*** GIVEN DATA Section Begins ***

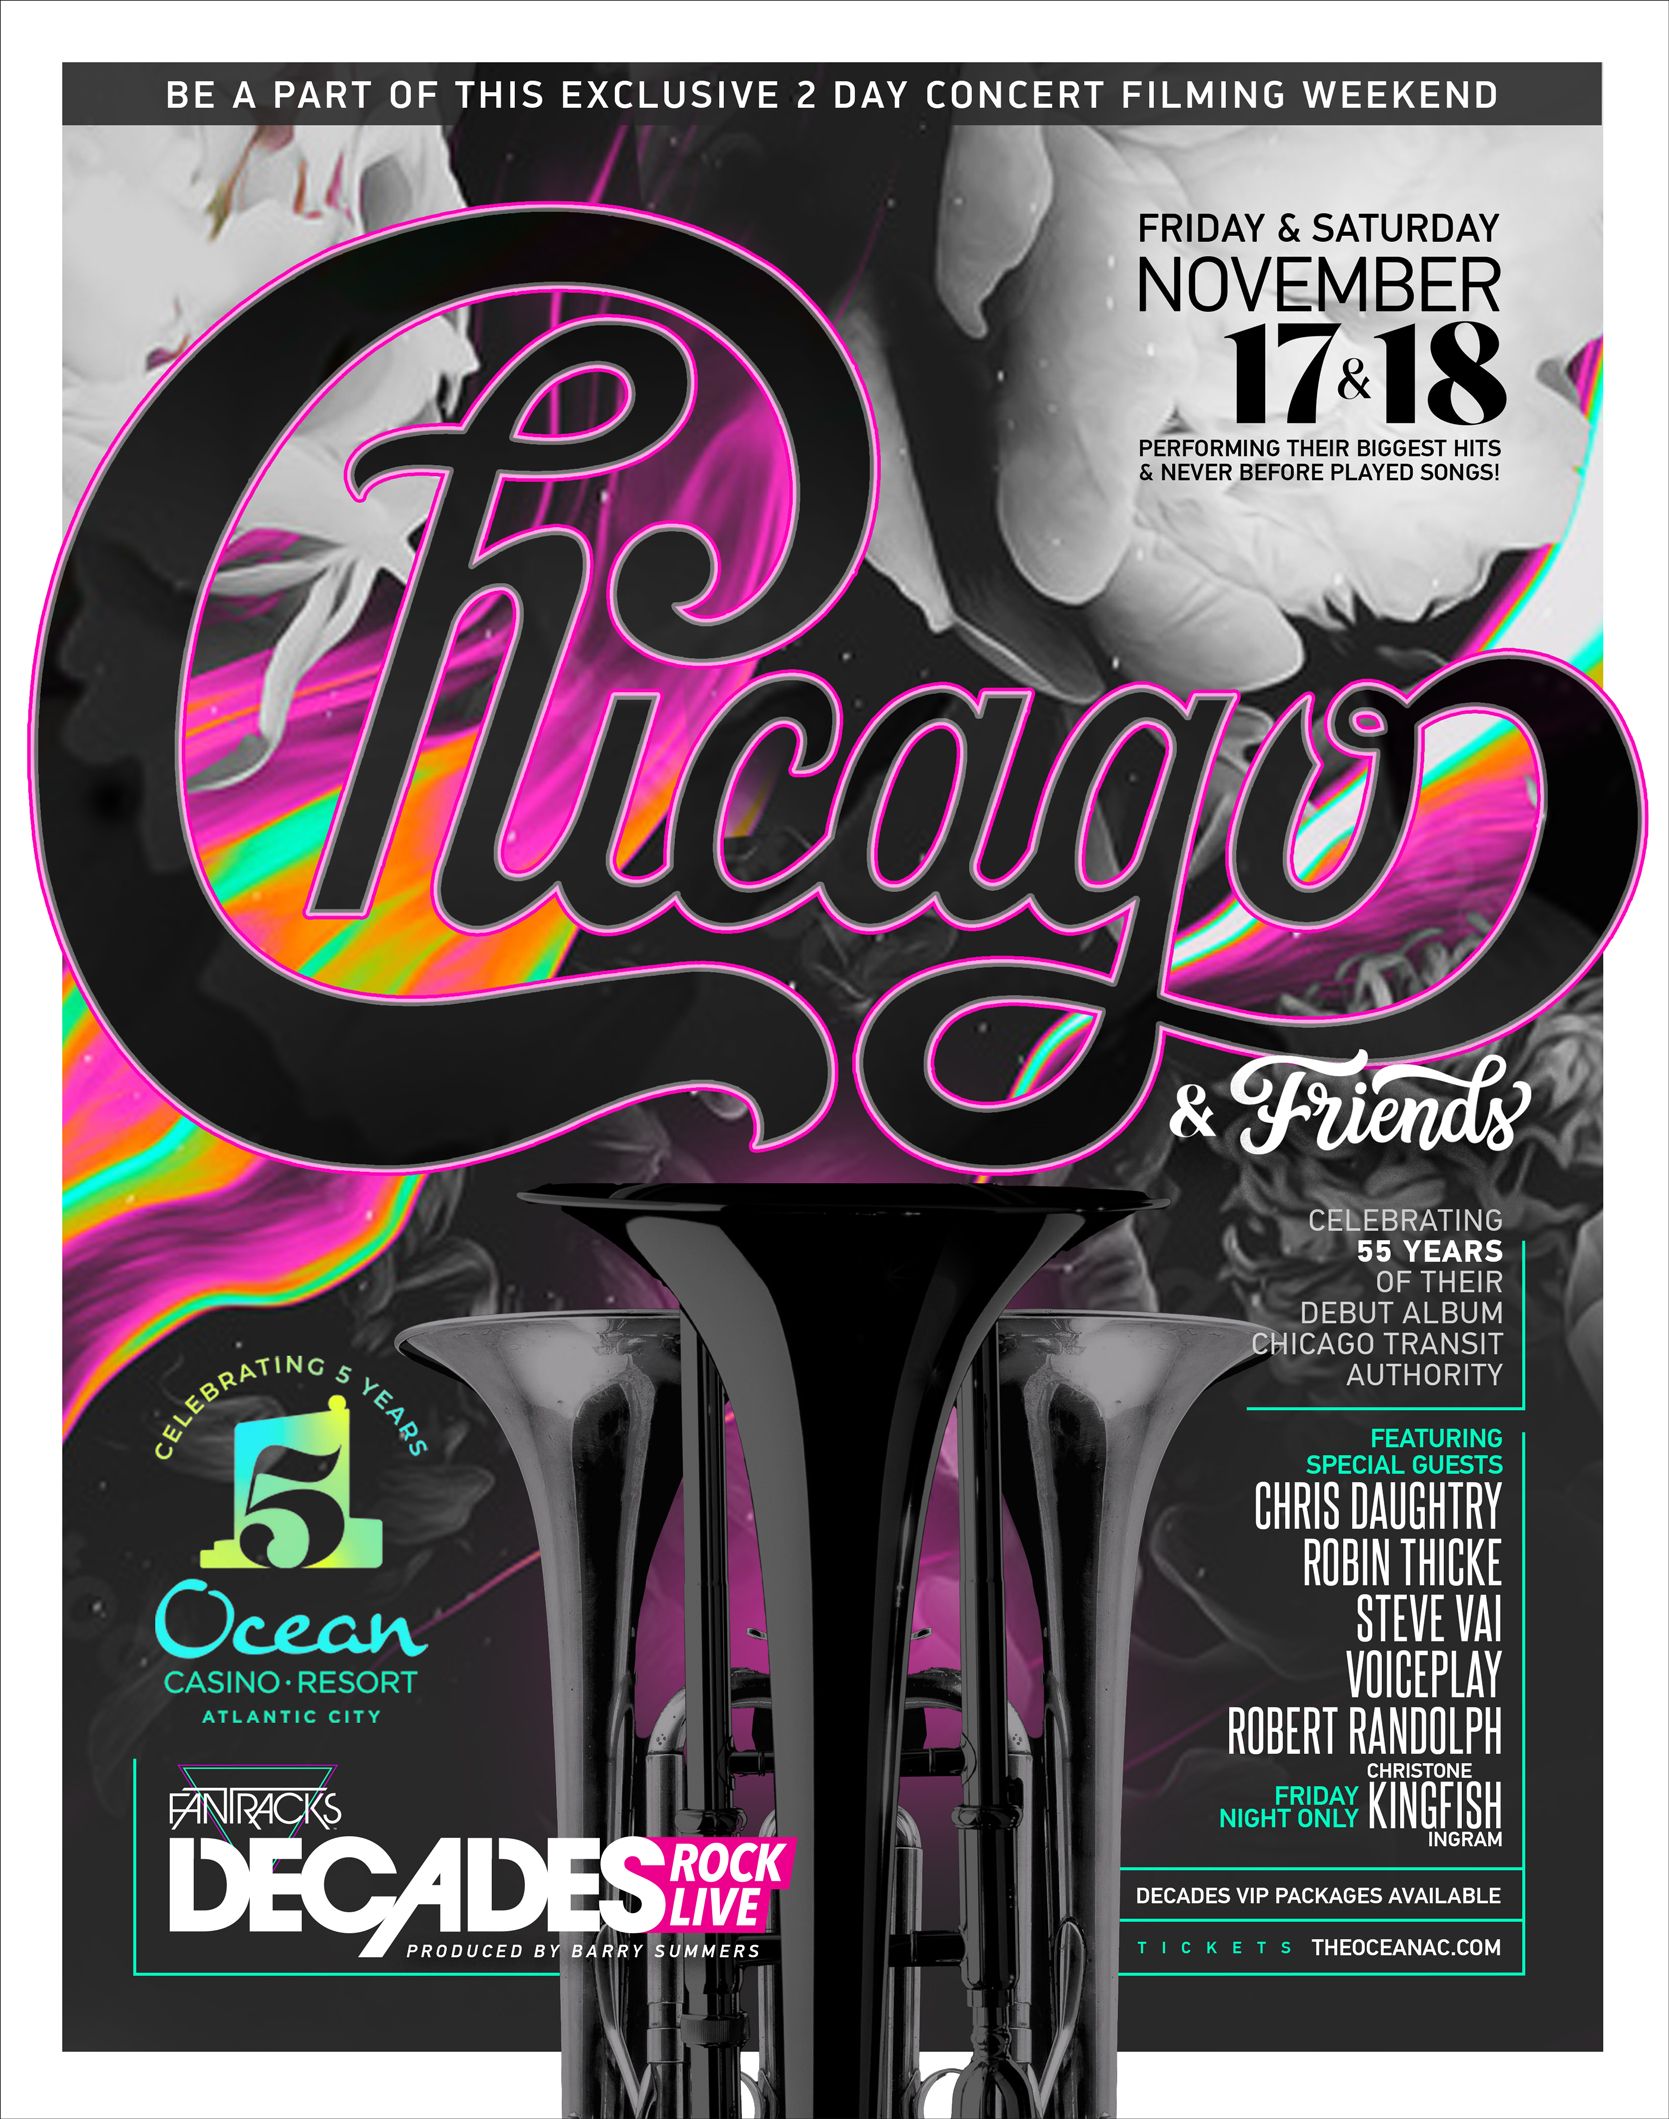 “CHICAGO & FRIENDS” PRODUCED BY DECADES ROCK LIVE ANNOUNCES NEW SPECIAL GUESTS, ROBERT RANDOLPH, CHRISTONE “KINGFISH” INGRAM, VoicePlay
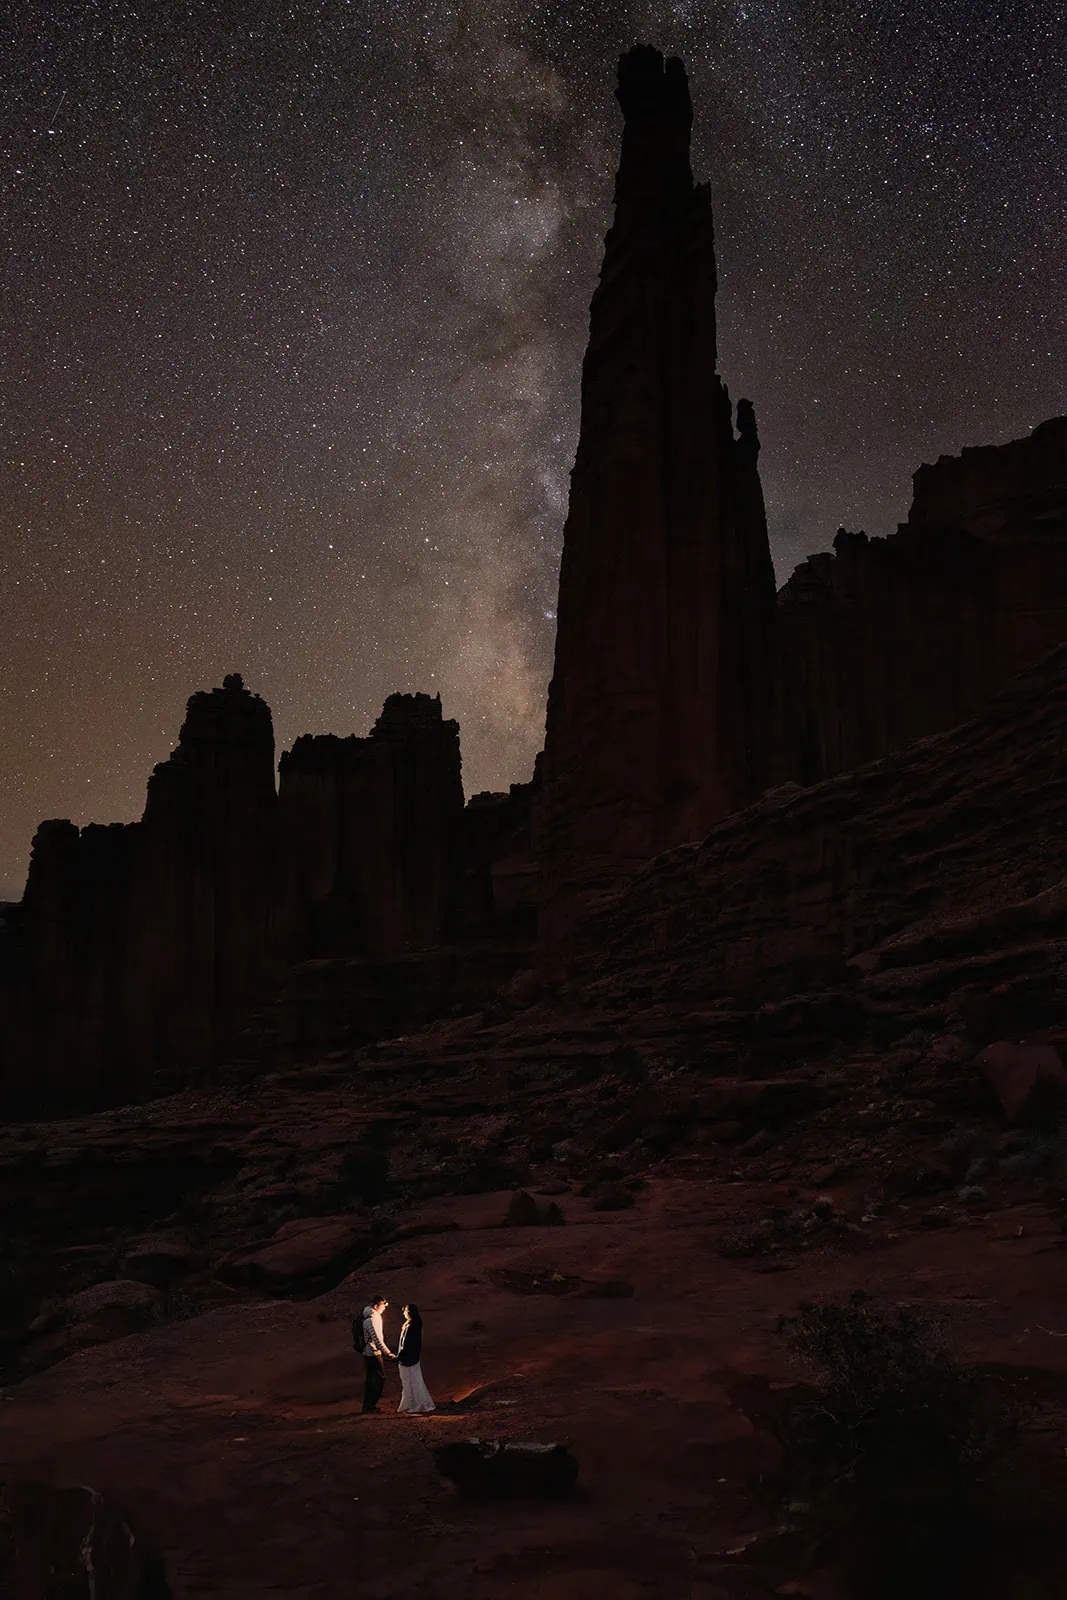 A couple stands together at night with the milky way in the sky at Fisher Towers
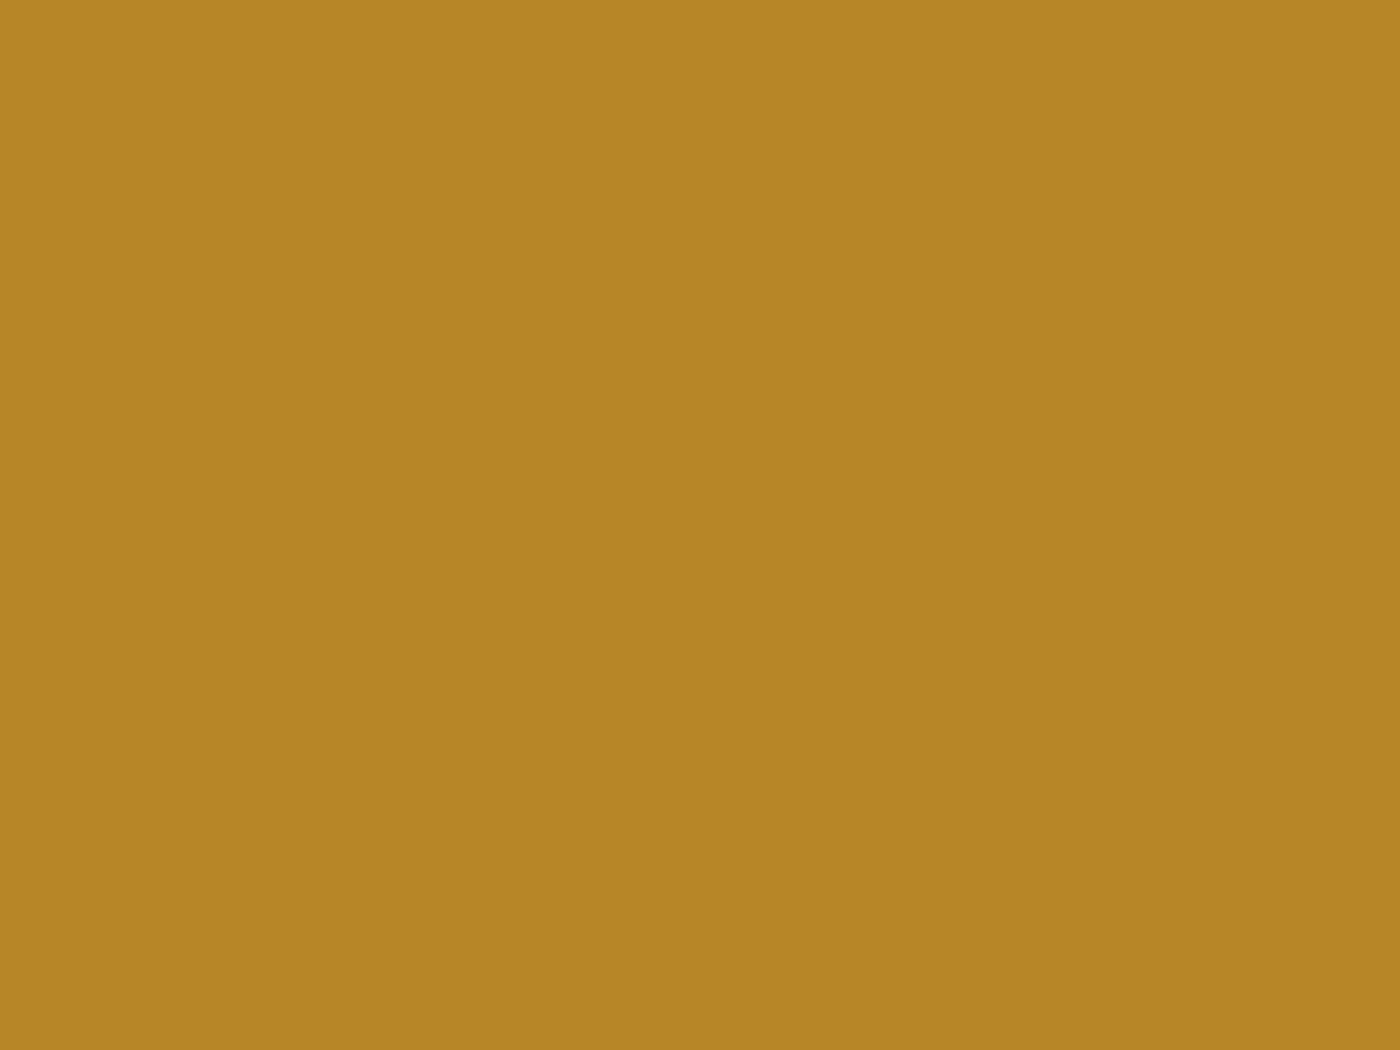 1400x1050 University Of California Gold Solid Color Background

*** GIVEN DATA Section Ends ***

ASSIGNMENT: Without the pictures, transcribe the listing exactly as it stands.

FINAL ANSWER:
 “CHICAGO & FRIENDS” PRODUCED BY DECADES ROCK LIVE ANNOUNCES NEW SPECIAL GUESTS, ROBERT RANDOLPH, CHRISTONE “KINGFISH” INGRAM, VoicePlay
 A couple stands together at night with the milky way in the sky at Fisher Towers
 1400x1050 University Of California Gold Solid Color Background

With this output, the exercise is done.